O que quer queer dizer? 26/09/2017

Por César Nogueira

Queer, palavra que deu nome à exibição Queermuseu, encerrada antes do tempo pelo Santander Cultural em Porto Alegre (RS), era gíria inglesa para estranho, extravagante. Tem origem no alemão “quer” – oblíquo, perverso, fora de centro. Usada com intenção pejorativa para estigmatizar gays, lésbicas, transexuais, travestis etc., foi apropriada por aqueles que pretendia agredir. Uma ala do movimento LGTB que passou a autodenominar-se queer, afrontando os padrões heternormativos e também os homonormativos (que vêm com reserva as formas mais espetaculosas de manifestação de gênero). A palavra queer está aí então para nos dizer que é normal ser estranho e vice-versa. Salve, Freud, que nos mostrou o estranho como algo que se oculta no familiar, que não deveria aparecer, mas apareceu.

A exposição foi abortada pelo Santander depois que ativistas de movimentos conservadores, encabeçados pelo MBL, com apoio da igreja, desencadearam campanha para tirá-la do ar. Escandalizaram-se com o que estava lá exposto com o propósito de desescandalizar. Sinal de que as obras tocaram um ponto sensível que se pretendia manter invisível e não exposto.
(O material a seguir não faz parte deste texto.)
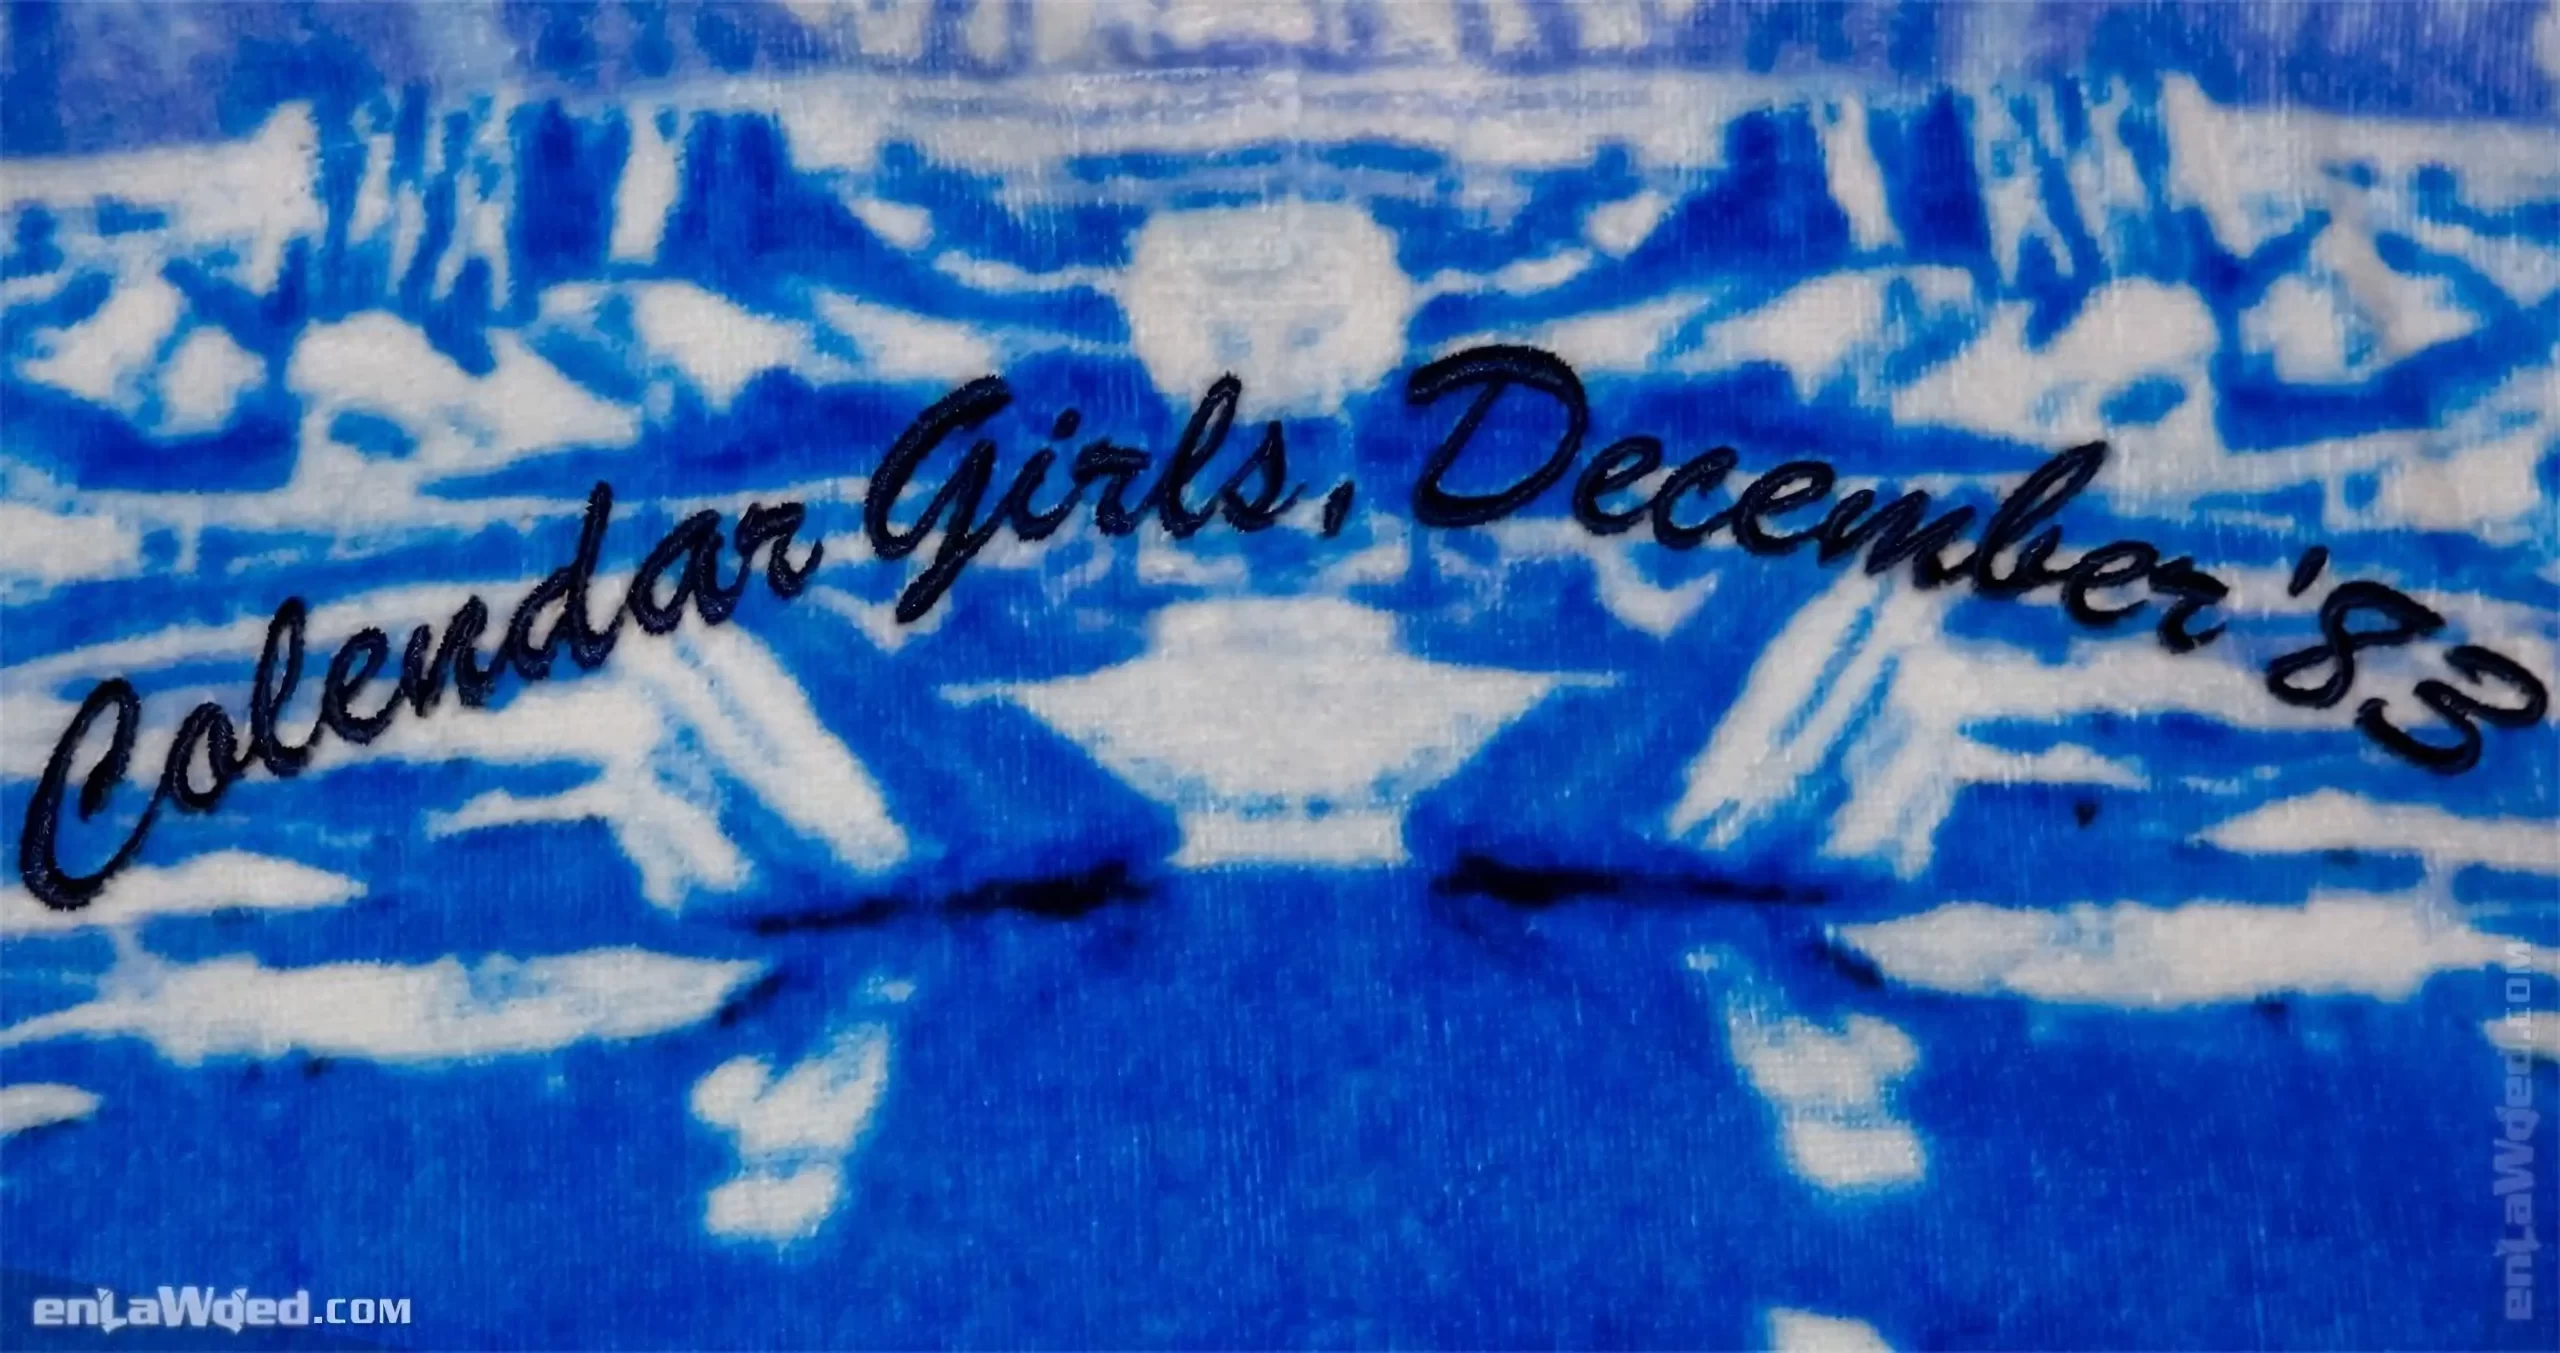 Men’s 2005 Calendar Girls December ’83 TT by Adidas: Mesmerizing (EnLawded.com file #lmchk89760ip2y121530kg9st)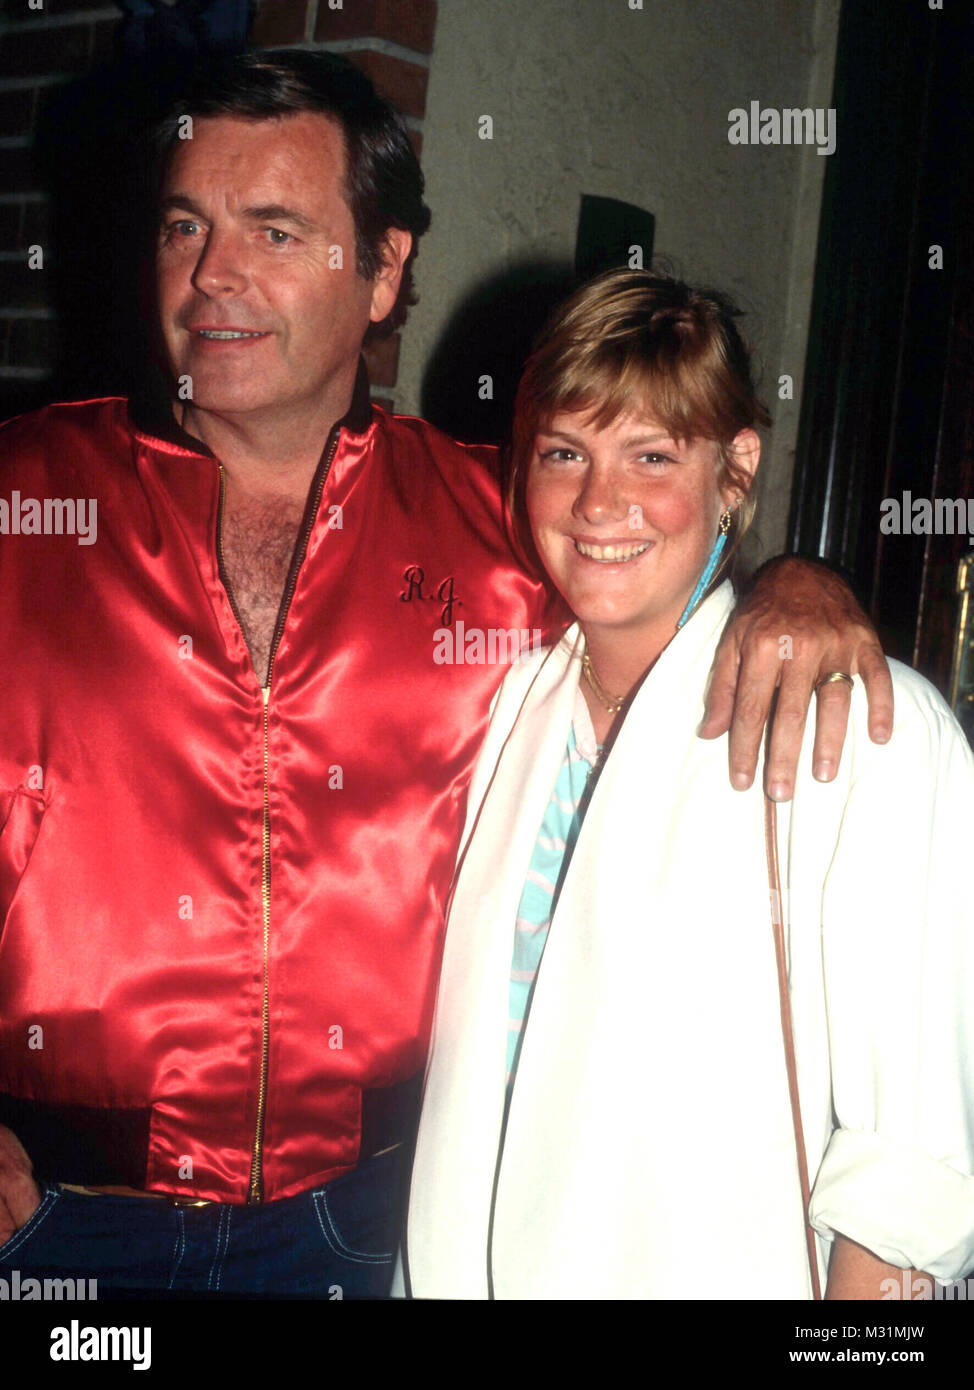 LOS ANGELES, CA - 30 juin : l'acteur Robert Wagner et fille Katie Wagner le 30 juin 1982 à Beverly Hills, Californie. Photo de Barry King/Alamy Stock Photo Banque D'Images

O blogueiro que encabeçou a campanha mantém um blog com o sugestivo título de Mamãe, falei! Num vídeo que teve mais de 300 mil views, dois sujeitos  percorrem a exposição afetando indignação, aos brados, diante de imagens que, na visão deles, incitam à pedofilia e à zoofilia, ou configuram desrespeito aos símbolos religiosos. Um deles veste uma camiseta com a inscrição “Sou machista”, em letras grandes sobre o peito bombado, como quem se protege contra o risco de estar num ambiente infectado.

É interessante deter-se sobre as obras que foram alvo da maior ira. Não para uma análise do ponto de vista artístico –- porque não é esse tipo de crítica que está em causa —, mas simbólico. Veja-se, por exemplo, a instalação do artista Antônio Obá. Ela coloca o espectador diante de uma bacia repleta de hóstias que trazem inscritas palavras como língua, boca, sangue, vagina, cu, vulva, bunda, suor. Será a palavra aderida ao símbolo que provoca a estranheza incômoda? No credo católico, as hóstias consagradas são o corpo de Cristo. Mais do que representar, elas efetivamente pretendem ser esse corpo e, como tal, são comidas pelos fiéis durante a cerimônia da missa. É um ritual que também tem seu quê de queer — não por acaso, mas pelo poder que o estranho e misterioso exercem sobre os fiéis. A obra de Obá remete ao corpo real cuja ideia está encoberta pelo sagrado. O estranhamento que causa é tanto maior porque as palavras designam partes de um corpo de mulher e remetem ao sexo e ao prazer e não à dor e ao sacrifício. 

Outra obra que os defensores da moral e dos bons costumes destacaram para justificar sua fúria foi Cena de Interior II, de Adriana Varejão. A tela de 1994 retrata, no interior de uma casa grande, cenas sexo em suas várias combinações e cores — homem com homem, mulher com mulher, homens e um animal, brancos e negros e amarelos. Tal como ocorre no recôndito das casas. A defesa da artista, acusada de fazer apologia da zoofilia, põe a arte no seu lugar: “Não faço apologia a nada; como artista, apenas busco jogar luz sobre coisas que muitas vezes existem escondidas. É um aspecto do meu trabalho, a reflexão adulta.” 

“Travesti de lambada e deusa das águas” e “Adriano bafônica e Luiz França She-há” (2013), de Bia Leite, atraíram as acusações mais veementes, de “apologia a pedofilia”. São telas que abordam o tema da homossexualidade na infância e são inspiradas em relatos de pessoas que viveram os dramas ou os traumas de quem não segue a norma hetero e cresceram sendo chamadas de “viadas”. As imagens e inscrições baseiam-se em fotos e depoimentos publicados no blog Criança Viada (http://criancaviada.tumblr.com). O que causa estranhamento? Trazer para a parede de um museu o que as paredes dos banheiros das escolas estão cansadas de mostrar. E por que razão em tudo que desvela os pretensos moralistas veêm apologia? A razão é tão velha que vale um latim: “De te fabula narratur”.

César Nogueira é artista plástico, escritor e aluno do corpo de formação do IPLA.